Nos 'barrios' [grandes comunidades carentes], a democracia local na forma de conselhos comunais autônomos estava mudando a vida das pessoas. As crianças estavam aprendendo sobre a história e as artes, pela primeira vez; o programa de alfabetização da Venezuela era o mais ousado do mundo.
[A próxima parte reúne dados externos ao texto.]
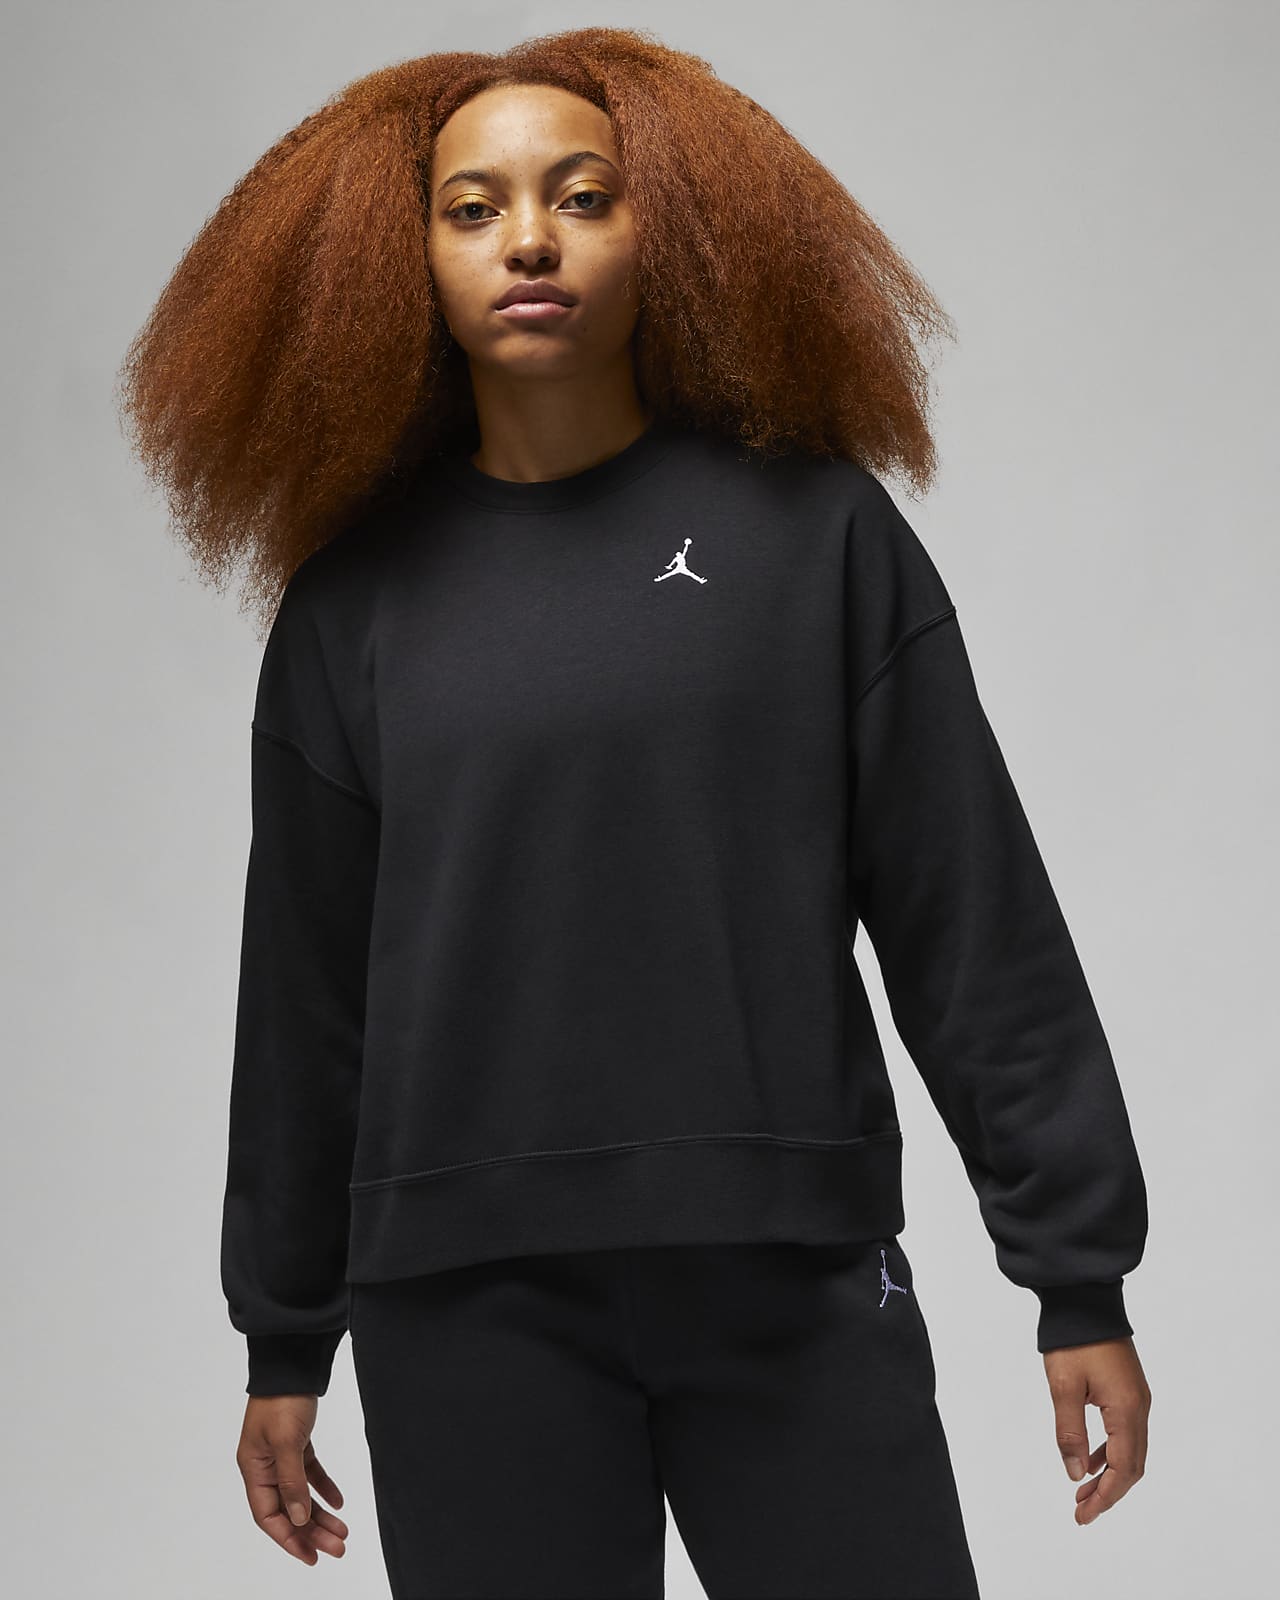 Mondetta Women's Everyday Soft Fleece Crewneck Sweatshirt (Black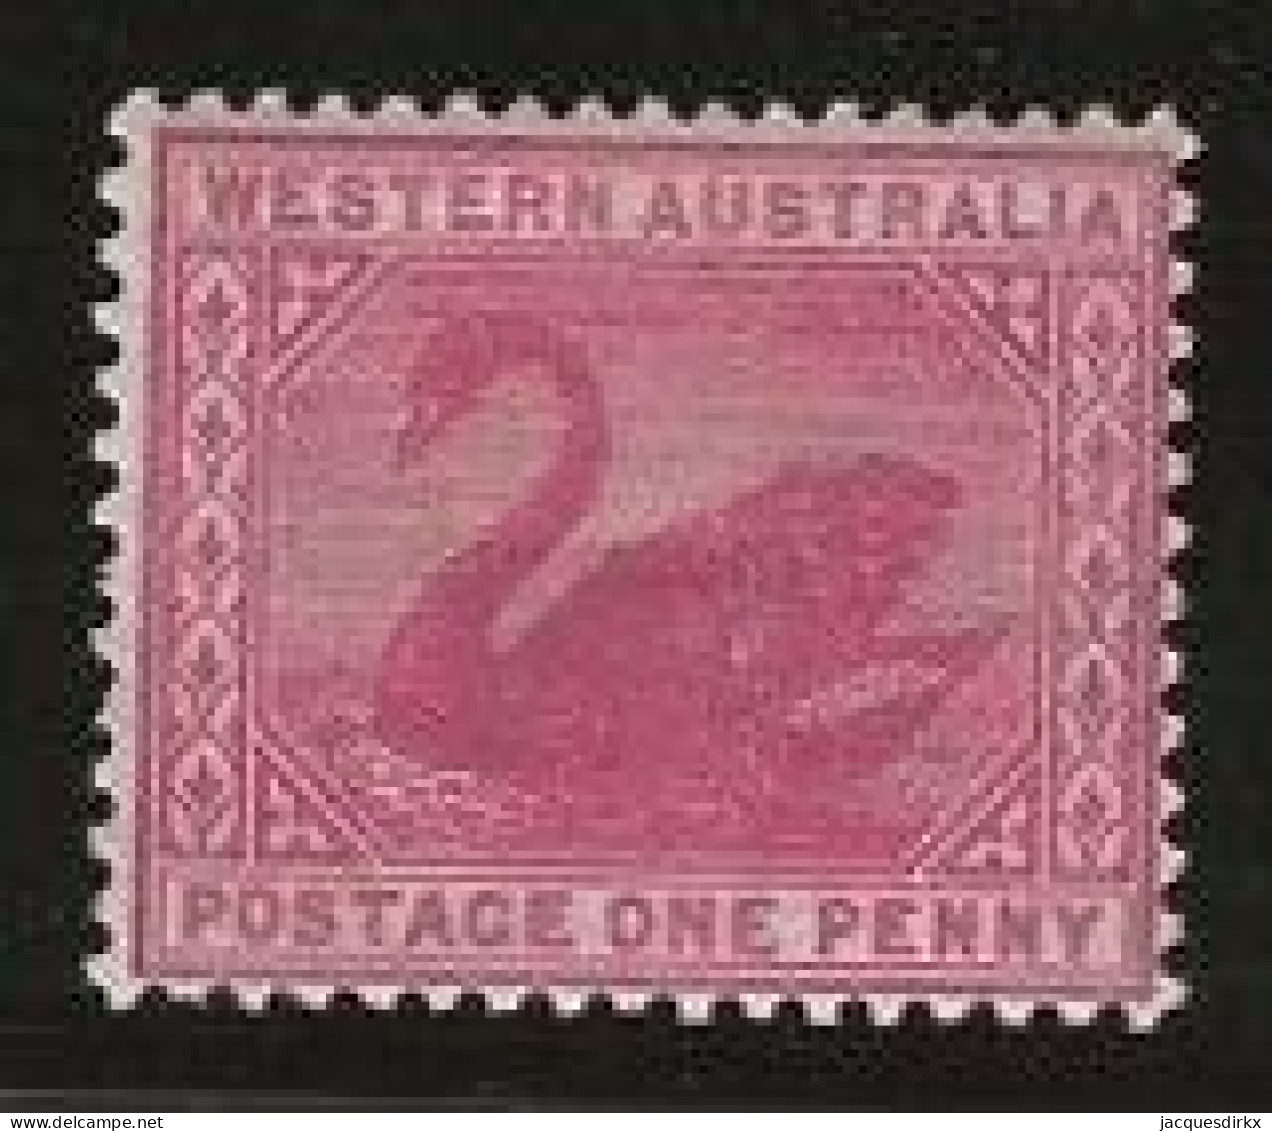 Western Australia     .   SG    .    112        .   *       .     Mint-hinged - Neufs

A taxa de pobreza caiu pela metade. O que me impressionou foi o orgulho que as pessoas comuns sentiam - o orgulho por suas vidas revitalizadas, pelo ineditismo das possibilidades que estavam adiante, e pelo governo delas, especialmente por Hugo Chávez.

Também ficou claro que a Venezuela não era revolucionária; que era e ainda é uma democracia social. Isso não quer dizer que muitas das ideias chavistas não são revolucionárias na essência; mas na prática a Venezuela apresentava semelhanças à Grã-Bretanha sob a reforma do governo do Attlee Labour de 1945-1951. 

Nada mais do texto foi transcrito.